## Task objective
Exactly as written, output each of the lines below, with no images.

## Supplied data

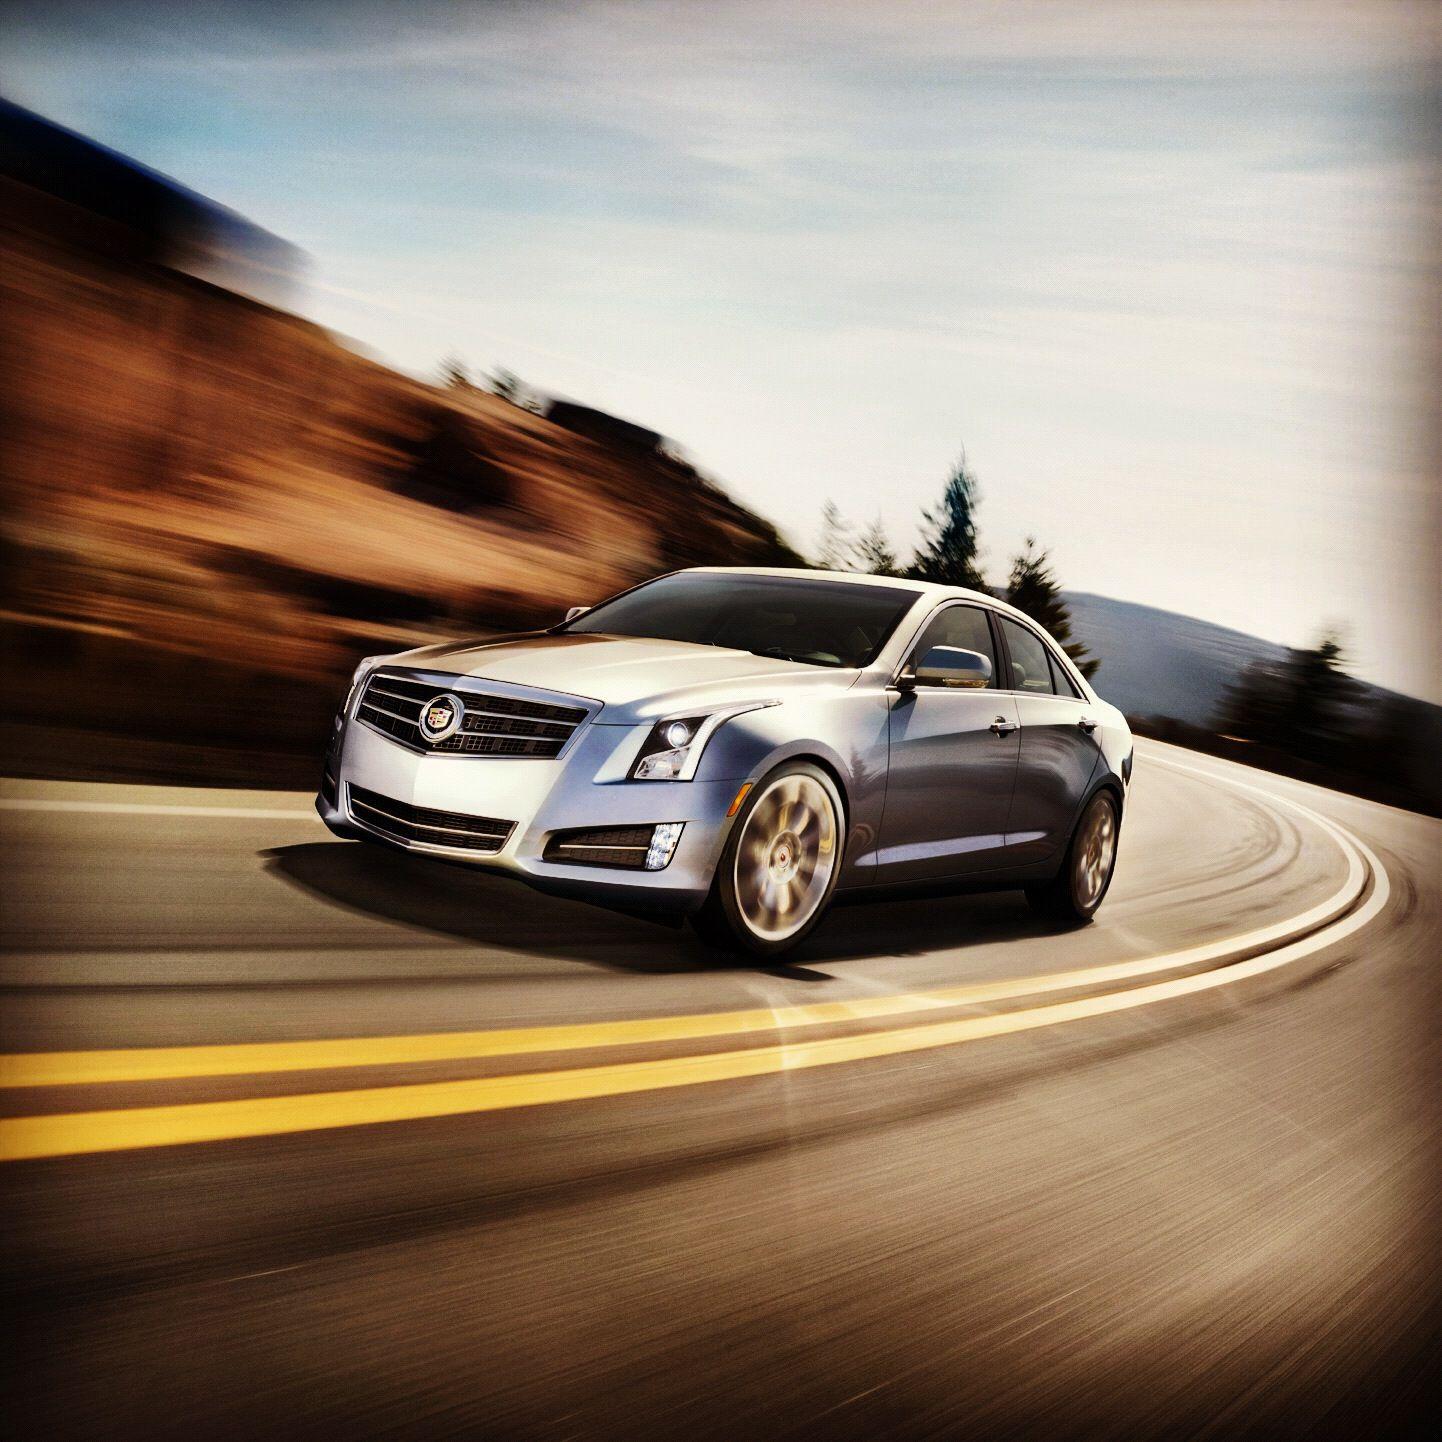 Custom Cadillac Ats: The All-new #Cadillac #ATS
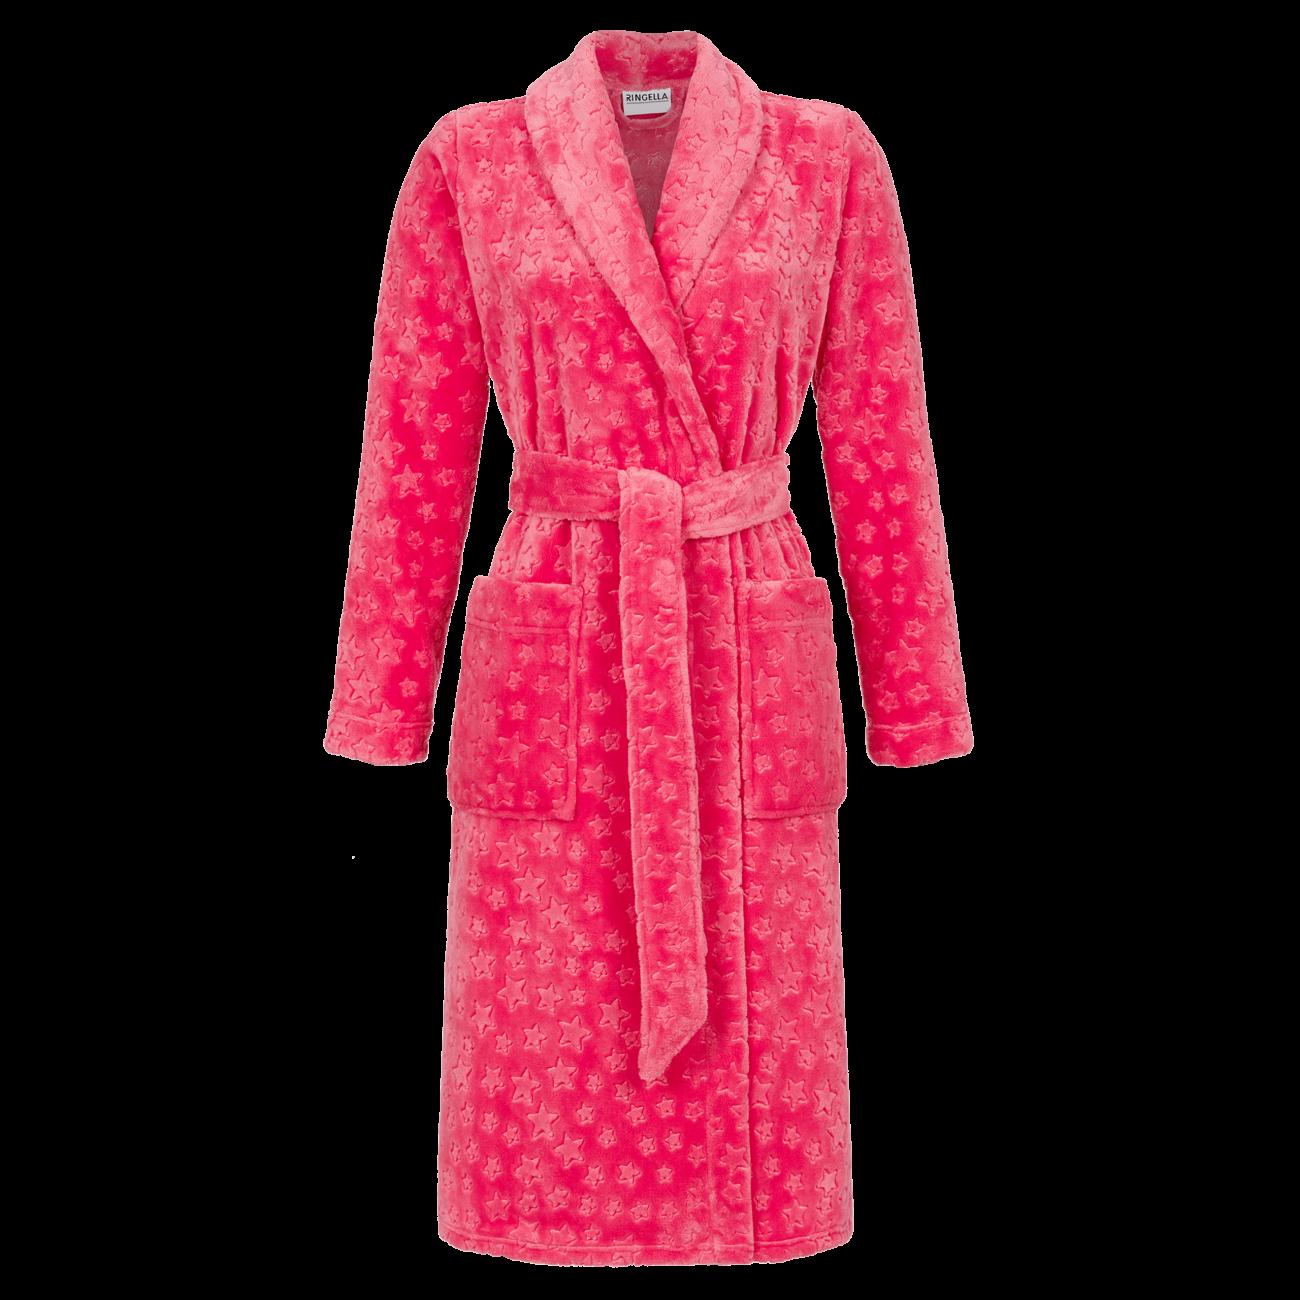 Mantel aus weichem Flausch rot   44
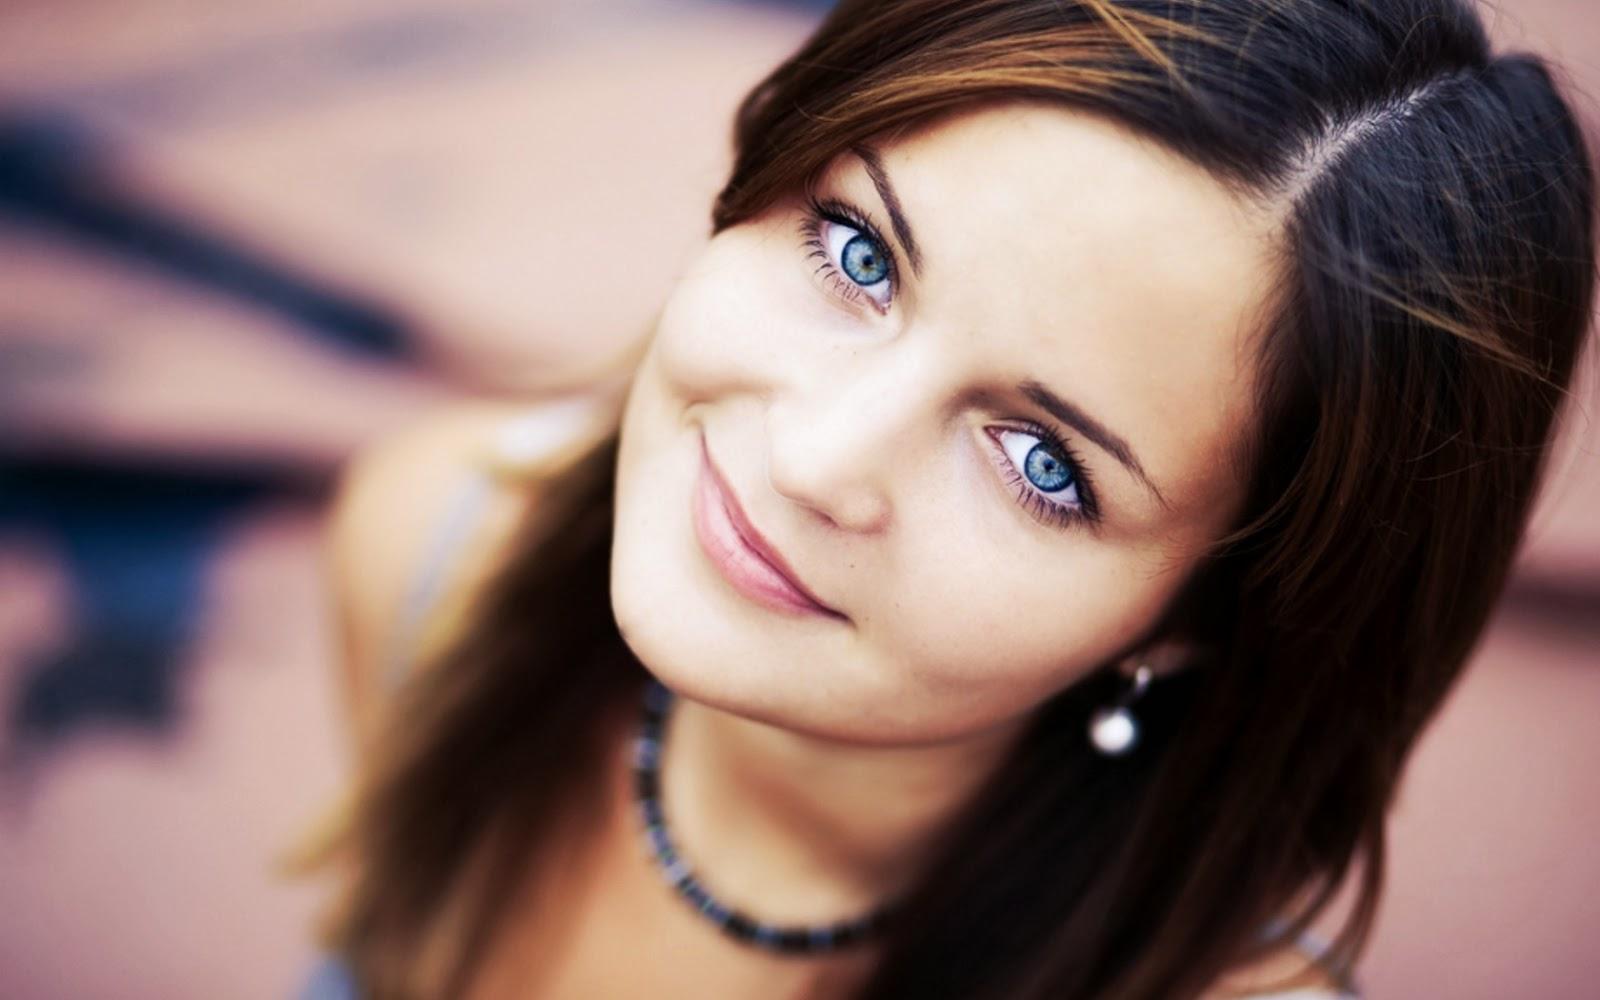 بالصور صور حلوات , صور بنات جميله ورائعه 5701 6

## Answer box
 Custom Cadillac Ats: The All-new #Cadillac #ATS
 Mantel aus weichem Flausch rot   44
 بالصور صور حلوات , صور بنات جميله ورائعه 5701 6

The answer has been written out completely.